Fewer Americans than forecast signed contracts to buy previously owned homes in September, the fourth straight month of declines, as rising mortgage rates slowed momentum in the housing market.
The index of pending home sales slumped 5.6 percent, exceeding all estimates in a Bloomberg survey of economists and the biggest drop in more than three years, after a 1.6 percent decrease in August, the National Association of Realtors reported today in Washington. The index fell to the lowest level this year.
Mortgage rates last month reached two-year highs and some homeowners are reluctant to put properties up for sale as they wait for prices to climb, leading to tight inventories. Those forces are pushing some would-be buyers to the sidelines and slowing the pace of recovery in real estate, giving Federal Reserve policy makers reason to delay reducing stimulus when they meet this week.
“We’ll be in this weakness for a little bit, maybe even going into the fourth quarter,” said Yelena Shulyatyeva, a U.S. economist at BNP Paribas in New York, the second-best forecaster of pending home sales over the past two years, according to data compiled by Bloomberg. “This is a clear signal to the Fed as to what happens when you try to play with nascent housing recovery. The minutes indicated they were really concerned about it.”
Another report today showed factory production rose less than forecast in September, indicating manufacturing cooled heading into the budget battle that partially closed the federal government this month. Output at factories rose 0.1 percent after a revised 0.5 percent gain in August that was smaller than initially estimated, according to figures from the Federal Reserve. The median forecast of economists in a Bloomberg survey called for a 0.3 percent September gain.
Total industrial production, which also includes output by mines and utilities, advanced 0.6 percent as higher temperatures drove up electricity use.

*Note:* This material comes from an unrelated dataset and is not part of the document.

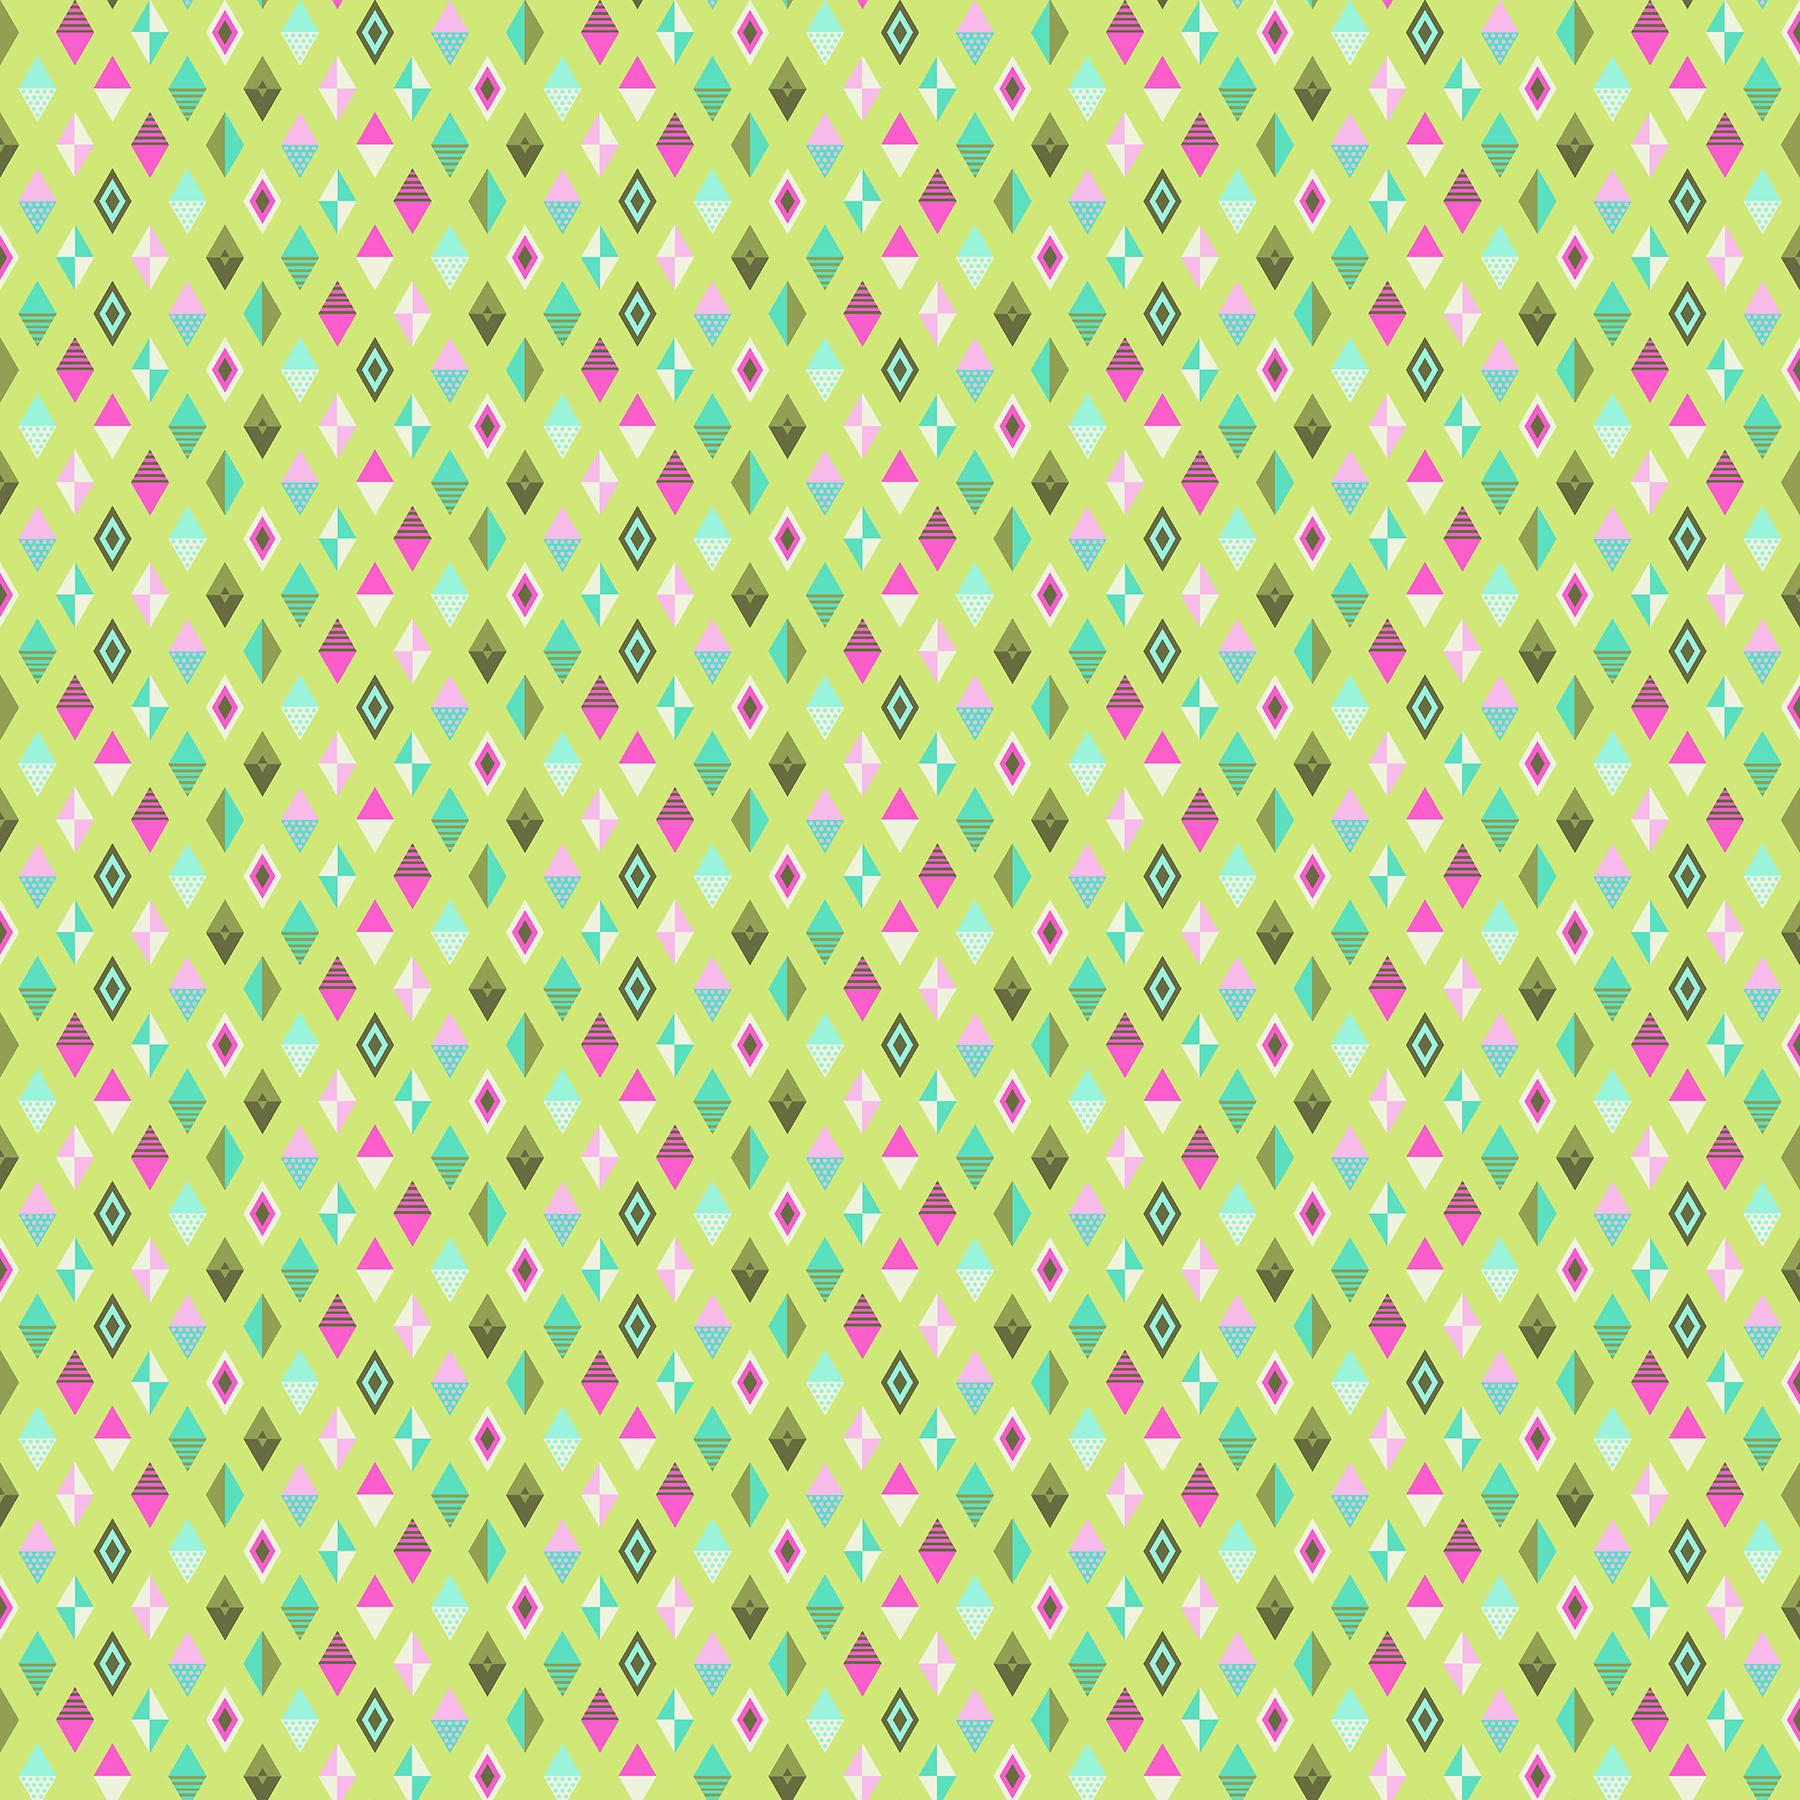 tula pink fabric slow steady track flags strawberry kiwi

Stocks were little changed after the pending sales report, erasing earlier gains. The Standard & Poor’s 500 Index rose less than 0.1 percent to 1,761.32 at 10:32 a.m. in New York. The S&P Supercomposite Homebuilding Index dropped 0.7 percent.

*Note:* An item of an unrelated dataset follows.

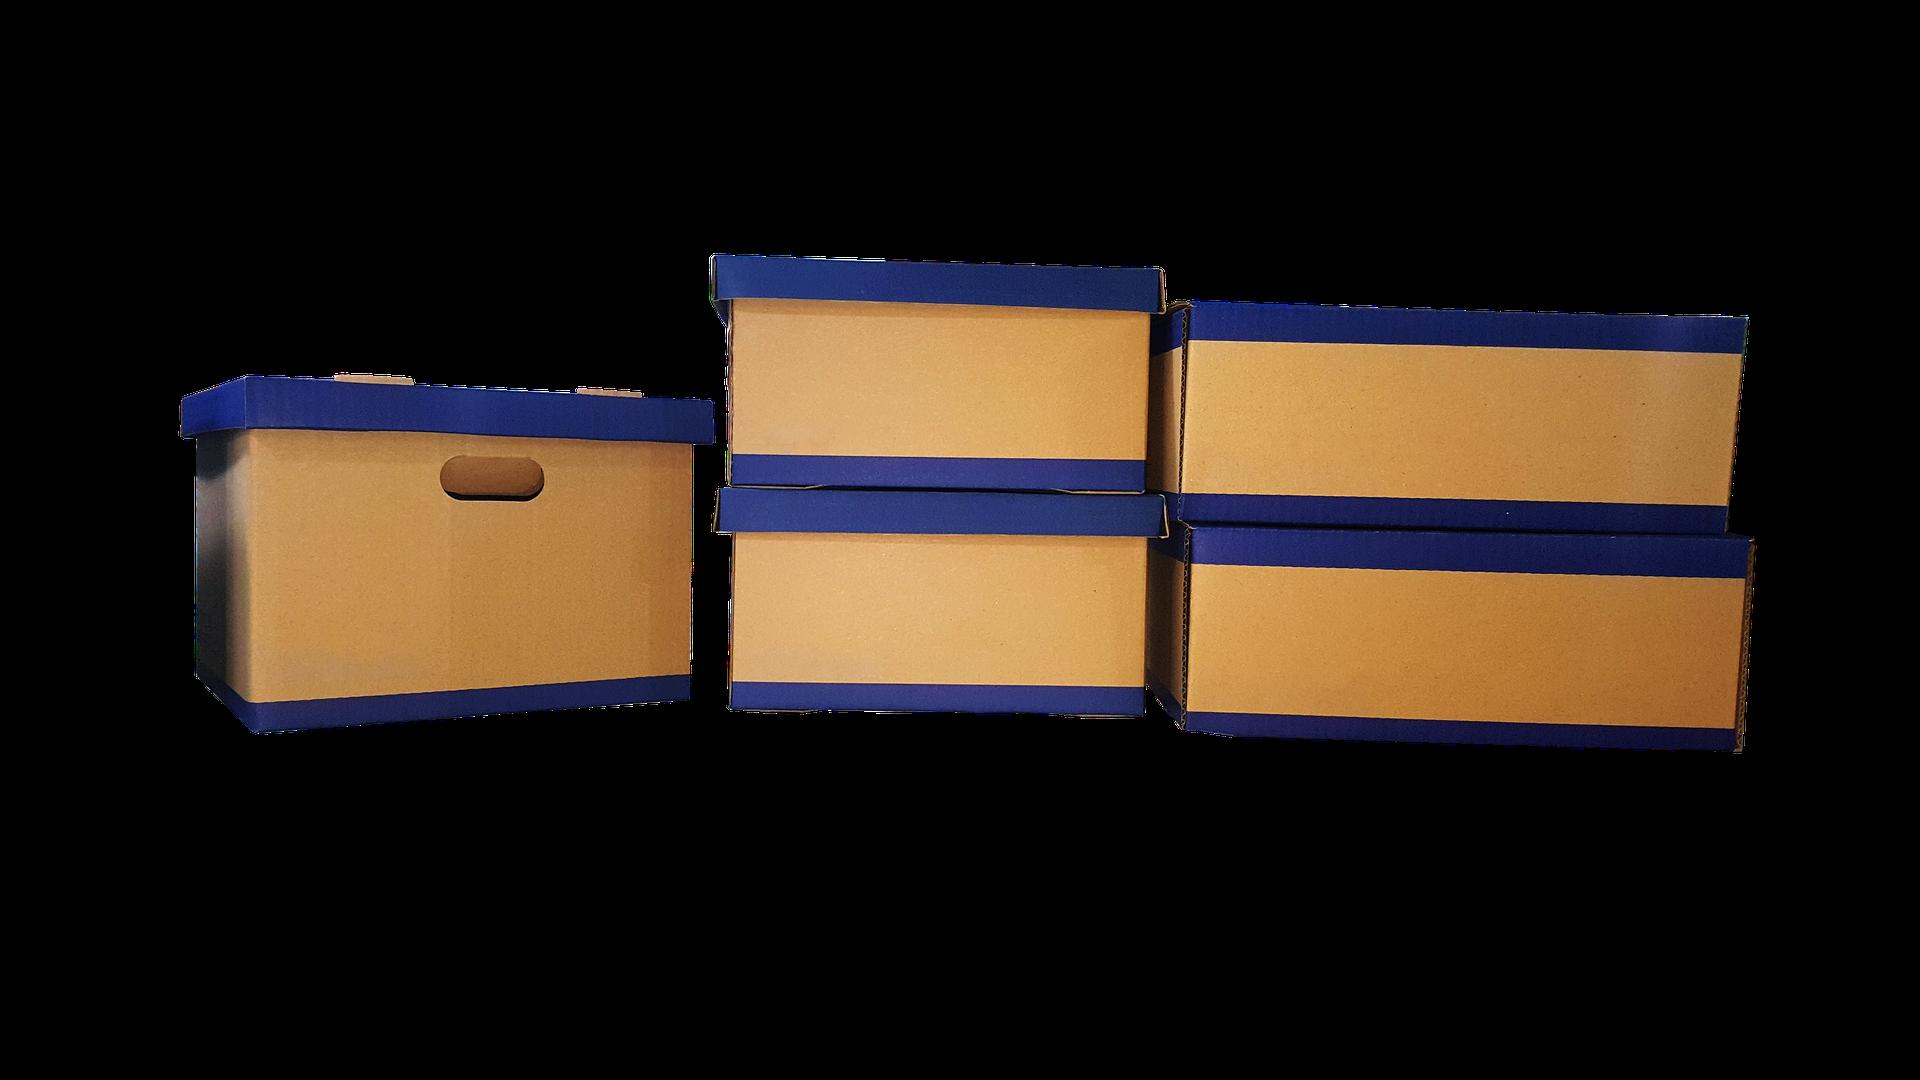 box-2507269_1920

The median forecast of 39 economists surveyed by Bloomberg projected the pending home sales gauge would be unchanged from the month before. Estimates ranged from a 2.8 percent decline to a 3.5 percent increase.

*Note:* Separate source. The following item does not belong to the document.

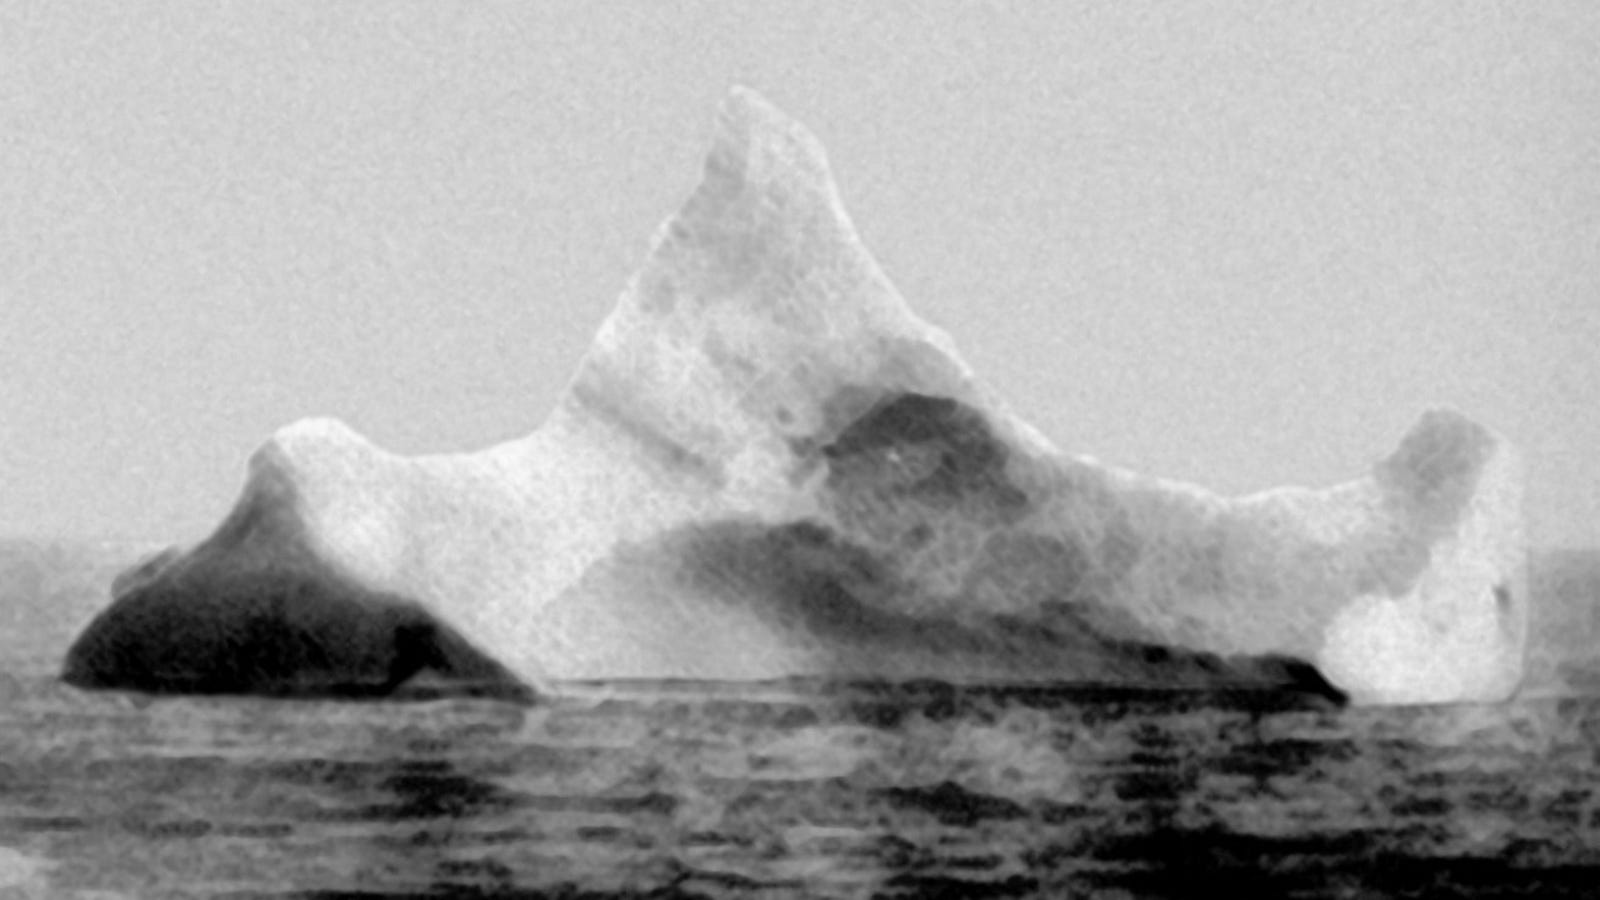 Whatever happened to the iceberg that sank the Titanic?

Last month’s drop was the biggest since a 28.9 percent plunge in May 2010, when the extension of a government tax credit expired.
The Realtors’ report showed purchases rose 1.1 percent from September 2012 on an unadjusted basis, the smallest advance in more than two years.
The pending sales index was 101.6 on a seasonally-adjusted basis, the weakest since December. A reading of 100 coincides with the average level of contract activity in 2001 and “historically healthy” home-buying traffic, according to the NAR.
“This tells us to expect lower home sales for the fourth quarter, with a flat trend going into 2014,” NAR Chief Economist Lawrence Yun said in a statement. “Even so, ongoing inventory shortages will continue to lift home prices, though at a slower single-digit growth rate next year.”
All four regions showed a decrease from a month earlier, led by a 9.6 percent drop in the Northeast and a 9 percent decline in the West.
Economists consider pending home sales a leading indicator because they track purchase contracts. Existing home sales are tabulated when a contract closes, usually a month or two later.
Last week, the Realtors’ group said existing home sales fell in September for the first time in three months as higher prices and mortgage rates curbed demand. Purchases dropped 1.9 percent to a 5.29 million annual rate from a revised 5.39 million pace in August that was the strongest since 2009.
The median price of an existing home increased to $199,200 from $178,300 in September 2012, the group reported last week.
The NAR forecasts sales of existing homes to be little changed in 2014 at 5.18 million compared with 5.16 million this year.
The average rate for a 30-year fixed mortgage was 4.58 percent in the week ended Aug. 22, the highest level since July 2011. It’s since fallen, averaging 4.13 percent for the week ended Oct. 24, according to Freddie Mac in McLean, Virginia.
Robert Schottenstein, chairman and chief executive officer of M/I Homes Inc., said the “fairly sudden and meaningful” jump in rates hurt sales at the Columbus, Ohio, builder. The government shutdown this month also put a dent in consumer confidence, which could discourage buyers further, he said.
“The net effect of all of this is that sales have slowed,” Schottenstein said on an Oct. 24 earnings call. “Traffic, both in our models and on the Internet, remains very good. But many consumers are clearly more cautious and not moving as quickly when it comes to making a decision to buy.”